Reconfigurable ONNs implementation based on 4f system. a Calculation process implementation of a single neuron, including linear and nonlinear operation39. b Reconfigurable ONNs built on 4f system and SLMs39, the nonlinear optical activation function in the optical system is realized based on electromagnetically induced transparency161,162. c Reconfigurable ONNs built on 4 f system and DMDs40. d Implementation of experimental setup40 for (c). a, b Reprinted with permission from ref. 39 from © Optical Society of America. c, d Reprinted with permission from ref. 40 from © Optical Society of America
ONNs based on discrete optical diffractive elements
The trainable parameters (modulation units) of the ONNs built based on the 4f system are used to be placed in the Fourier plane37,38,39,40, which limits the expansion of trainable parameters and the number of hidden layers. However, free-space DONNs constructed by diffractive elements42,43,44,45,46,47,48,49,50,51,52,53,54,55,56,57,58,59 can overcome these limitations well. In 2018, Lin et al.42 proposed an all-optical deep learning framework, in which neural networks are physically formed by multiple layers of diffractive surfaces (Fig. 7a). The diffractive surfaces are composed of diffractive units, each of which is termed as a hidden layer in DONNs, and each diffractive unit on the diffractive surface is defined as a neuron. Meanwhile, the function of the diffractive unit is to change the phase difference after the light passes, and the specific phase difference values can be pre-trained on the computer through intelligent algorithms such as forward propagation, gradient descent, error back-propagation, etc. Among them, the forward propagation process (wave analysis) is demonstrated by the Rayleigh-Sommerfeld diffraction equation42. After obtaining all phase difference values, the diffractive surfaces can be fabricated using 3D printing technology to obtain the physical implementation device of DONNs (Fig. 7c). The relationship between the thickness of diffractive units and phase difference values is linear, and the specific value of the thickness of each diffractive unit can be calculated by the formula: \(h=\lambda \phi /\left(2\pi \varDelta n\right)\), where ∆n is the refractive index difference between the 3D printing material and air, \(\phi\) is the phase difference value (trainable parameter), \(\lambda\) is the wavelength of light propagation in free-space. Finally, Lin et al.42 validated the classification tasks of the MNIST and Fashion MNIST datasets by encoding the input signal into the amplitude and phase of light, respectively. This work proposed a novel scheme for the study of ONNs. In 2 years, Qian et al.44 designed a DONN (Fig. 7d) for logic gate operations (AND, OR, NOT, etc.) based on Rayleigh-Sommerfeld diffraction. The hidden layers function of the DONN is implemented by the Huygens metasurfaces fabricated through mechanical processing.

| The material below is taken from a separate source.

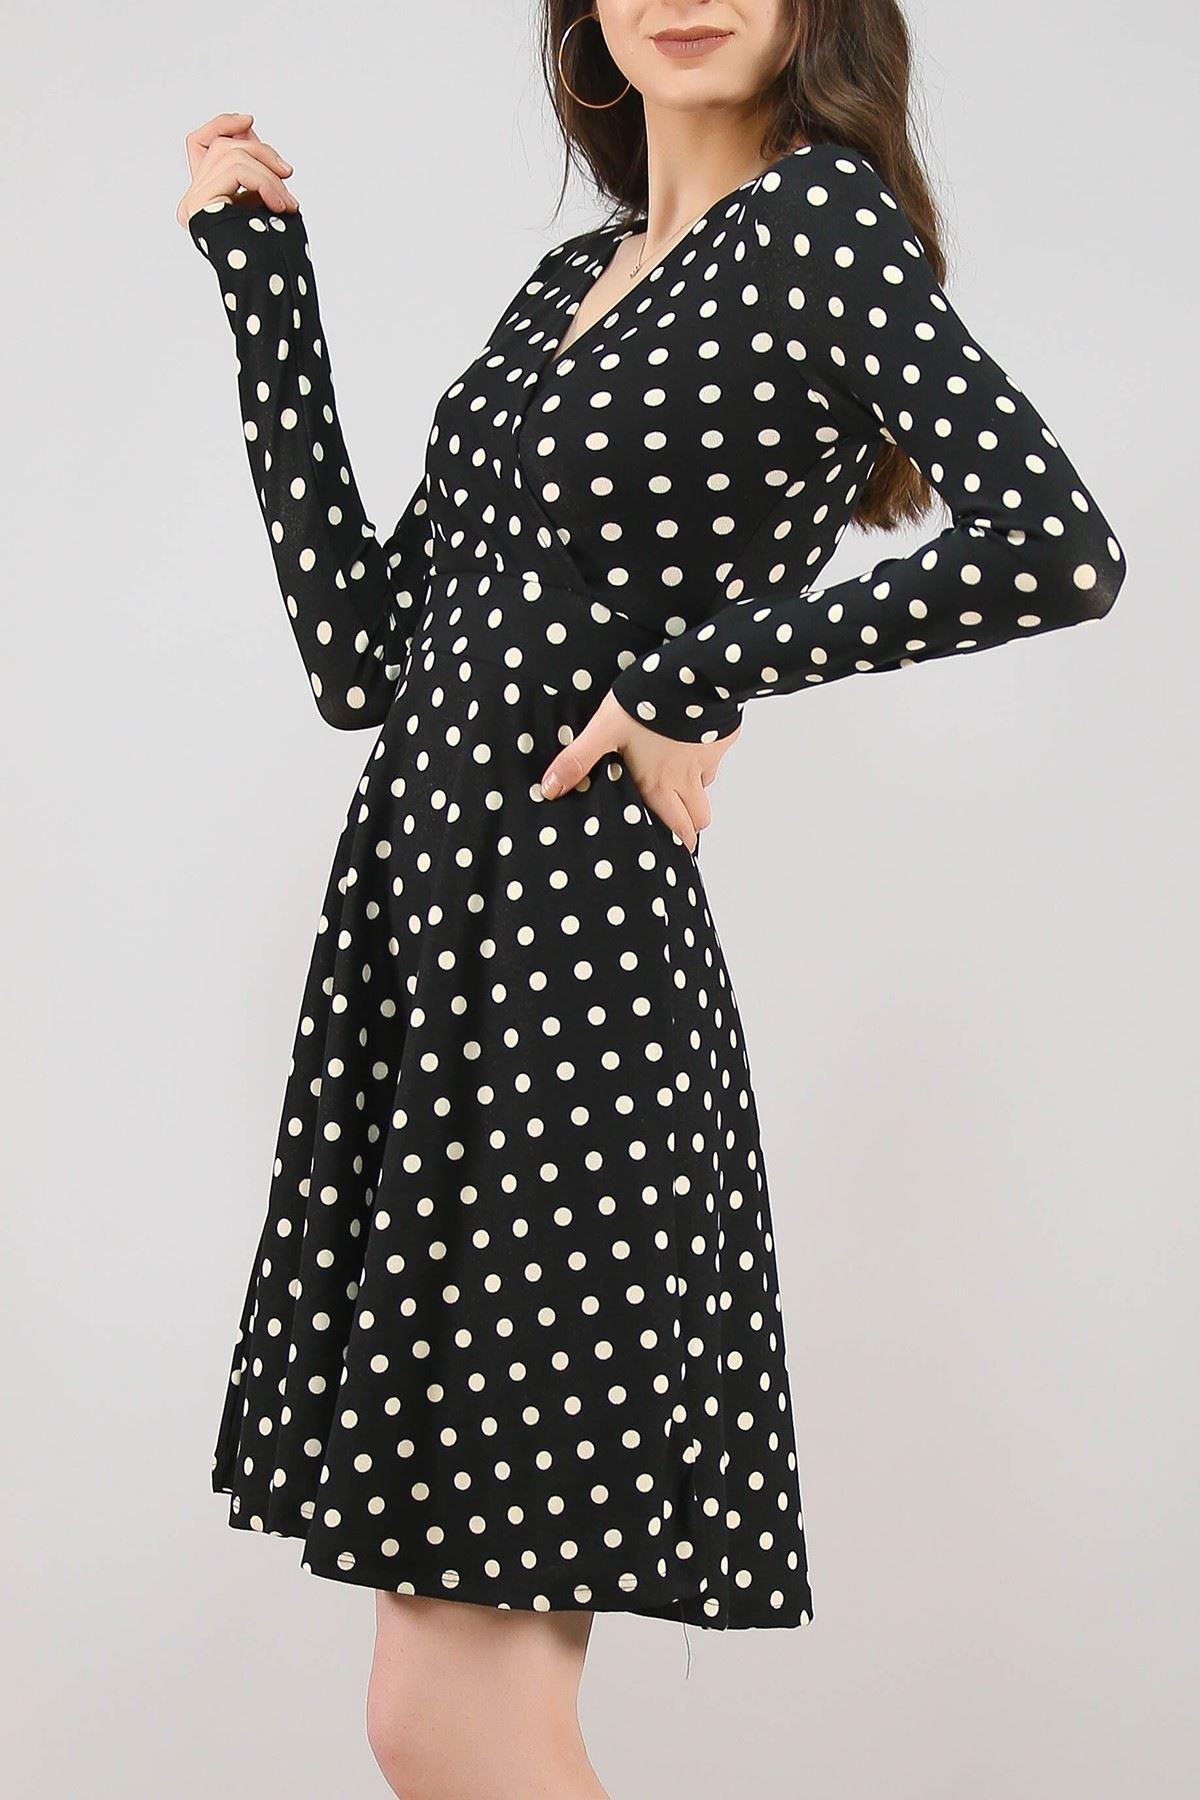 Desenli Elbise Siyahpuanlı - 4986.716.
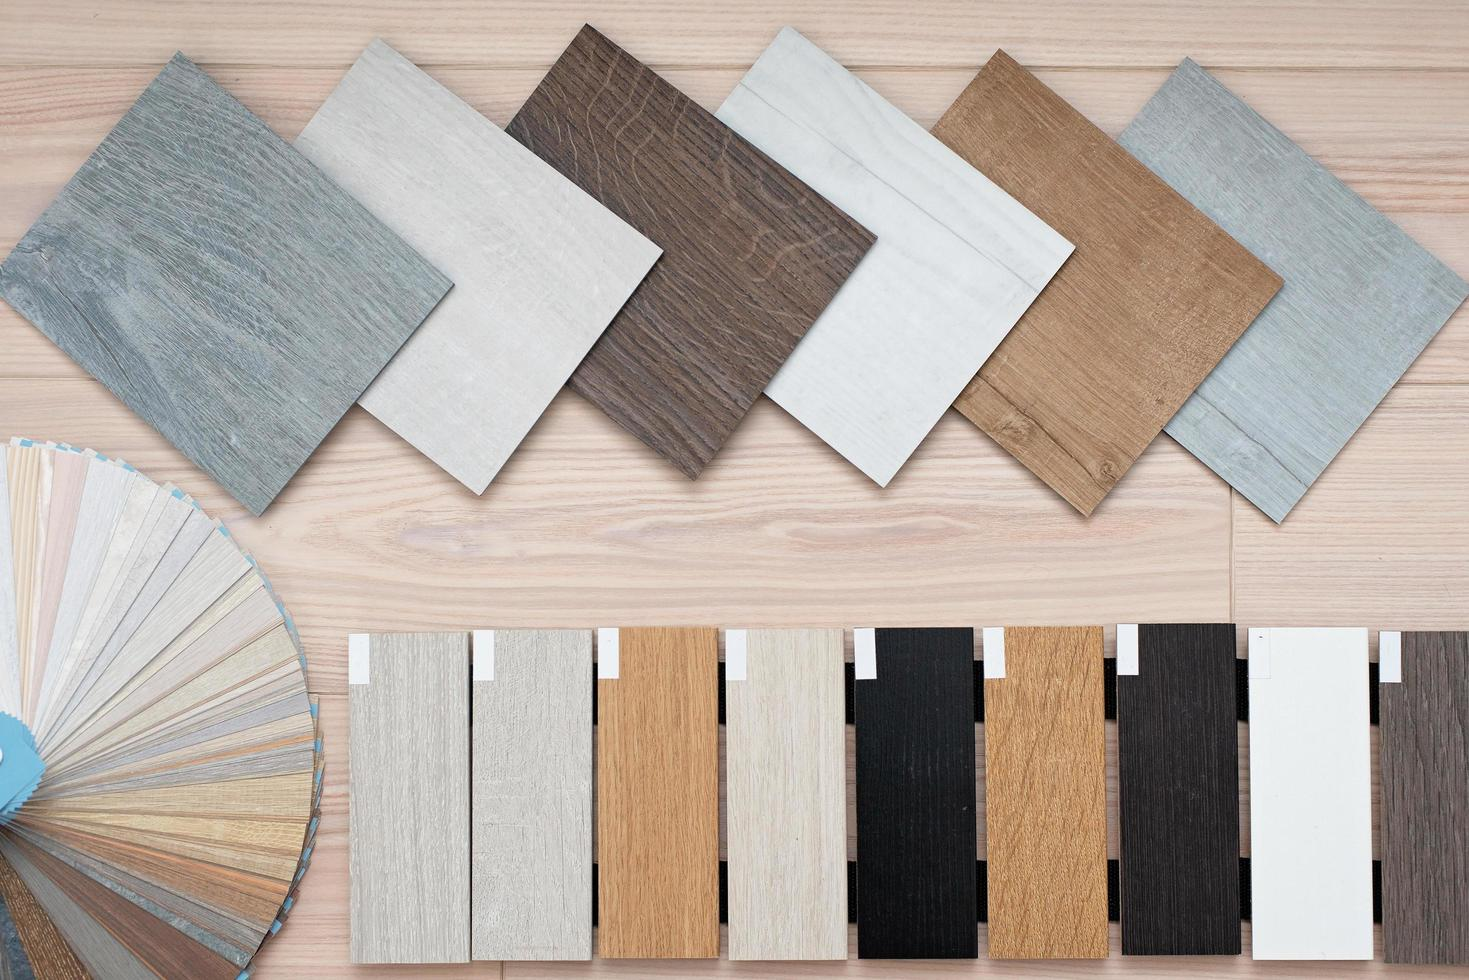 un ejemplo de un catálogo de pavimentos vinílicos de lujo y una paleta de diseño con texturas con un nuevo diseño interior para una casa o suelo sobre un fondo de madera clara. foto

Diffractive deep neural network (D2NN). a Schematic diagram of the physical inferring process of D2NN42. b Comparison between a D2NN and an electronic conventional neural network42. c 3D model reconstruction of a D2NN hidden layer for 3D-printing42. d Schematic illustration and experiment setup of optical logic operations by a DONN44. a-c Reproduced by permission from AAAS42. d Reproduced from ref. 44 with permission of Springer Nature: Light: Science & Applications
Noteworthiness, the current DONNs42,44 does not have reconfigurable functionality, and nonlinearity is not introduced in the network except for the output layer (optical intensity detection60). In addition, the fabricating errors generated during the machining process might accumulate with the depth increases of ONNs, resulting in inevitable systematic errors. The difficulties mentioned above extensively limit the model complexity and experimental performance of existing DONN processors. Thus, in 2021, Zhou et al.47 proposed a reconfigurable diffractive processing unit (DPU), as shown in Fig. 8a, based on which an optoelectronic fusion computing architecture can be constructed, and this architecture can support different neural networks and achieve high model complexity with millions of neurons. The DPU consists of an input layer, an information processing layer, and an output layer. The input data of the DPU input layer is optically encoded by DMD, and the physical process of the information processing layer is implemented by SLM and optical diffraction. The optical field summation and nonlinear activation function of the output layer are achieved by the photoelectric effect on each pixel of the complementary metal-oxide–semiconductor (CMOS) sensor (Fig. 8b). In this work, Zhou et al.47 designed a feedforward deep ONN (Fig. 8c) and a diffractive recurrent ONN (Fig. 8d) using DPU as the basic units. In 2022, Liu et al.53 designed a programmable DONN (Fig. 8e) based on information metasurfaces61. The meta-structure (neuron) arrays on such a metasurface (hidden layer) can be uniformly routed and controlled through the field-programmable gate arrays (FPGA), thereby achieving real-time control of the amplitude and phase coefficients of each neuron. In other words, the values of each neuron on the DONN hidden layers can be flexibly set. This work is expected to promote the application of DONN in the microwave fields, such as remote control, wireless communication, signal enhancement, medical imaging, and the Internet of Things. It is worth mentioning that the introduction of programmable information metasurfaces enhances the programmability of DONNs, and embedding optical power amplification devices on each diffractive unit is conducive to further expanding the depth of DONNs.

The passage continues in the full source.